Let $(Y_t)_t$ a stochastic process s.t. $$\mathbb E\left[\sup_{s,t\in [0,1], s\neq t}\frac{|Y_t-Y_s|}{|t-s|^\alpha }\right]<\infty,$$ with $\alpha >0$. Why does this implies that $(Y_t)_t$ is continuous a.s. ?
Does it come from the fact that if $\mathbb E[X]<\infty$ then $\mathbb P\{X<\infty\}=1$, and thus $$\mathbb P\left\{\sup_{s,t\in [0,1], s\neq t}\frac{|Y_t-Y_s|}{|t-s|^\alpha }<\infty\right\}=1.$$
Also $$\mathbb P\left\{\sup_{s,t\in [0,1], s\neq t}\frac{|Y_t-Y_s|}{|t-s|^\alpha }<\infty\right\}\leq \mathbb P\left\{\frac{|Y_t-Y_s|}{|t-s|^\alpha}<\infty\right\}=1.$$
1) How can I continue ? Does it implies that there is $C>0$ s.t. $$\mathbb P\{|Y_t-Y_s|<C|t-s|^\alpha \}=1,$$ or that $$\mathbb P\{\exists C>0: |Y_t-Y_s|\leq C|t-s|^\alpha \}=1 \ \ ?$$
2) And will it implies that $$\mathbb P\{\lim_{t\to s}|Y_t-Y_s|\}=1 \ \ ?$$ If yes, why ? I don't understand why I can put the limit inside.
Assume that $Y = (Y_t)_{t\in[0, 1]}$ is realized over a complete probability space $(\Omega, \mathcal{F}, \mathbb{P})$ such that the function $C : \Omega \to [0, \infty]$ defined by
$$ C(\omega) = \sup_{\substack{s, t \in [0, 1] \\ s \neq t}} \frac{|Y_s(\omega) - Y_t(\omega)|}{|s-t|^{\alpha}} $$
is measurable, then
If $\omega \in \Omega$ is such that $C(\omega) < \infty$, then $|Y_t(\omega) - Y_s(\omega)| \leq C(\omega)|t - s|^{\alpha}$ for all $s, t \in [0, 1]$ and hence $t \mapsto Y_t(\omega)$ is $\alpha$-Holder continuous.

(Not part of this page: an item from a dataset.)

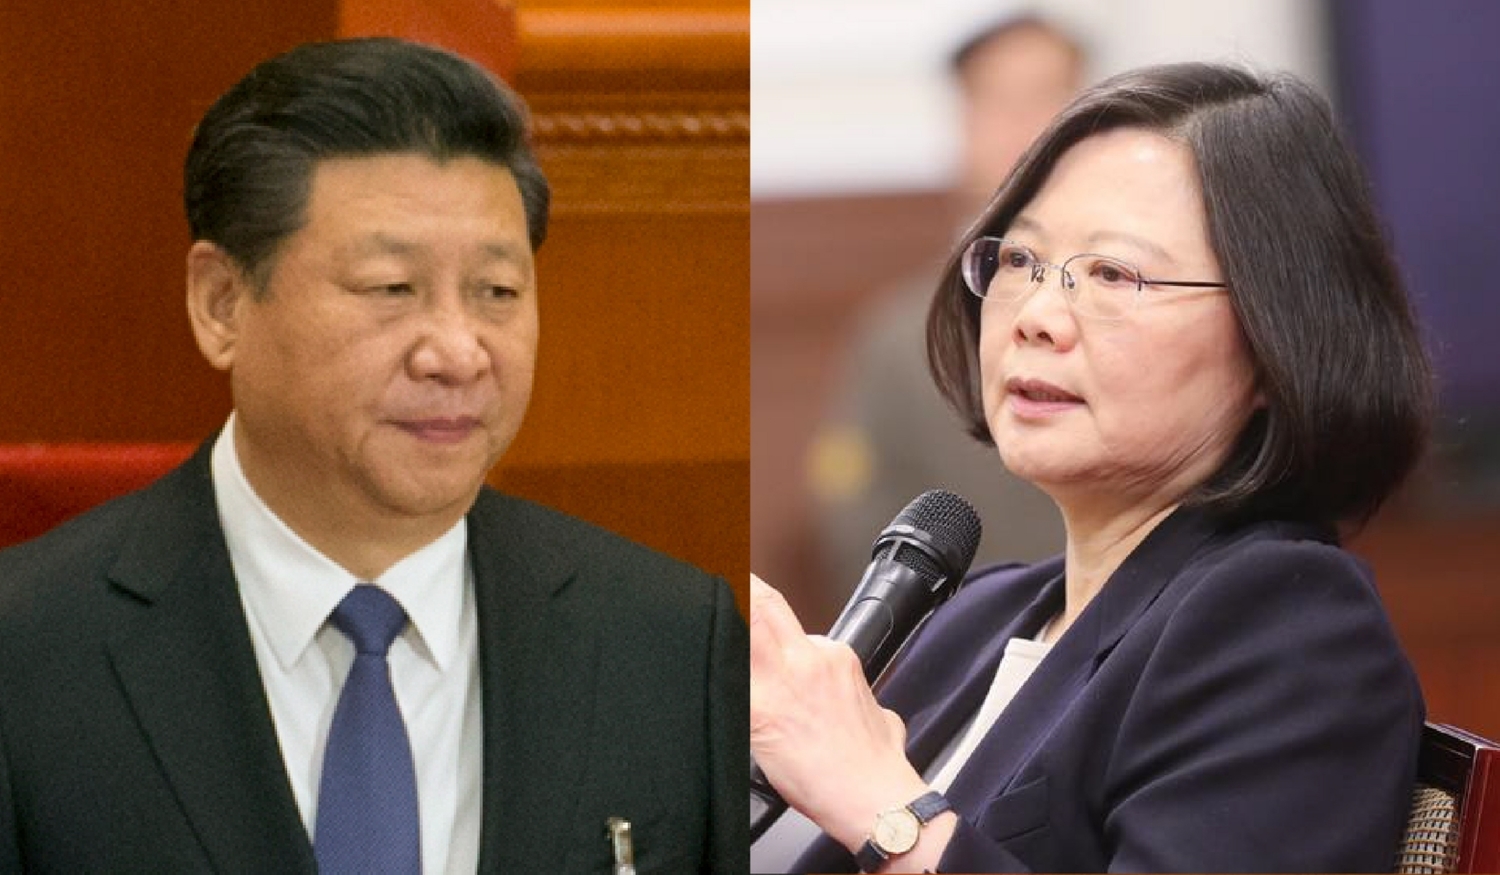 戰貓外交對抗中國戰狼！日媒:民主且挺人權的台灣國際形象大幅提升

In particular, $$ E := \{ \omega : t \mapsto Y_t(\omega) \text{ is continuous} \}$$ satisfies $$ E^{c} \subseteq \{ \omega : C(\omega) = \infty \} $$
If in addition that $\mathbb{E}[C] < \infty$, then $\{ C = \infty\}$ is measurable and $\mathbb{P}[C = \infty] = 0$. Since the probability space is complete, this implies that $E^c$ is also a measurable null-set. Therefore $E$ is also measurable and $\mathbb{P}[E] = 1$, i.e. the sample path is $\mathbb{P}$-a.s. continuous.
It is worth to notice that $C$ and $E$ need not be measurable for any choice of the base probability space. For instance, under the naive choice $(\Omega, \mathcal{F}) = (\mathbb{R}^{[0,1]}, \mathcal{B}(\mathbb{R}^{[0,1]}))$, one can prove that
$$ C([0, 1], \mathbb{R}) = \{ \omega \in \mathbb{R}^{[0,1]} : \omega \text{ is continuous} \} \notin \mathcal{B}(\mathbb{R}^{[0,1]}). $$
(This is because, for any $A \in \mathcal{B}(\mathbb{R}^{[0,1]})$, there exists $I \subset [0, 1]$ such that $I$ is at most countable and $A$ is determined only by the information at times $t \in I$, i.e., $A \in \sigma( \pi_t : t \in I)$, where $\pi_t : \mathbb{R}^{[0,1]} \to \mathbb{R}$ is the projection $\pi_t(\omega) = \omega_t$.) This tells that, in order to discuss regularity of sample paths, one needs to choose a suitable base probability space to begin with.
If one is given a stochastic process $S$, the usual workaround is to show that $X$ satisfies some weaker notion of stochastic continuity, and then show that this notion allows to construct a modification which has continuous sample paths. For instance, If $W = (W_t)_{t\geq 0}$ is the Brownian motion, then it satisfies $\mathbb{E}[|W_s - W_t|^2] = |s - t|$, hence by Kolmogorov-Chenstov theorem, $W$ has a modification whose sample paths are continuous. Then one may realize this modification on a nice probability space where sample-path continuity can be discussed as measurable event.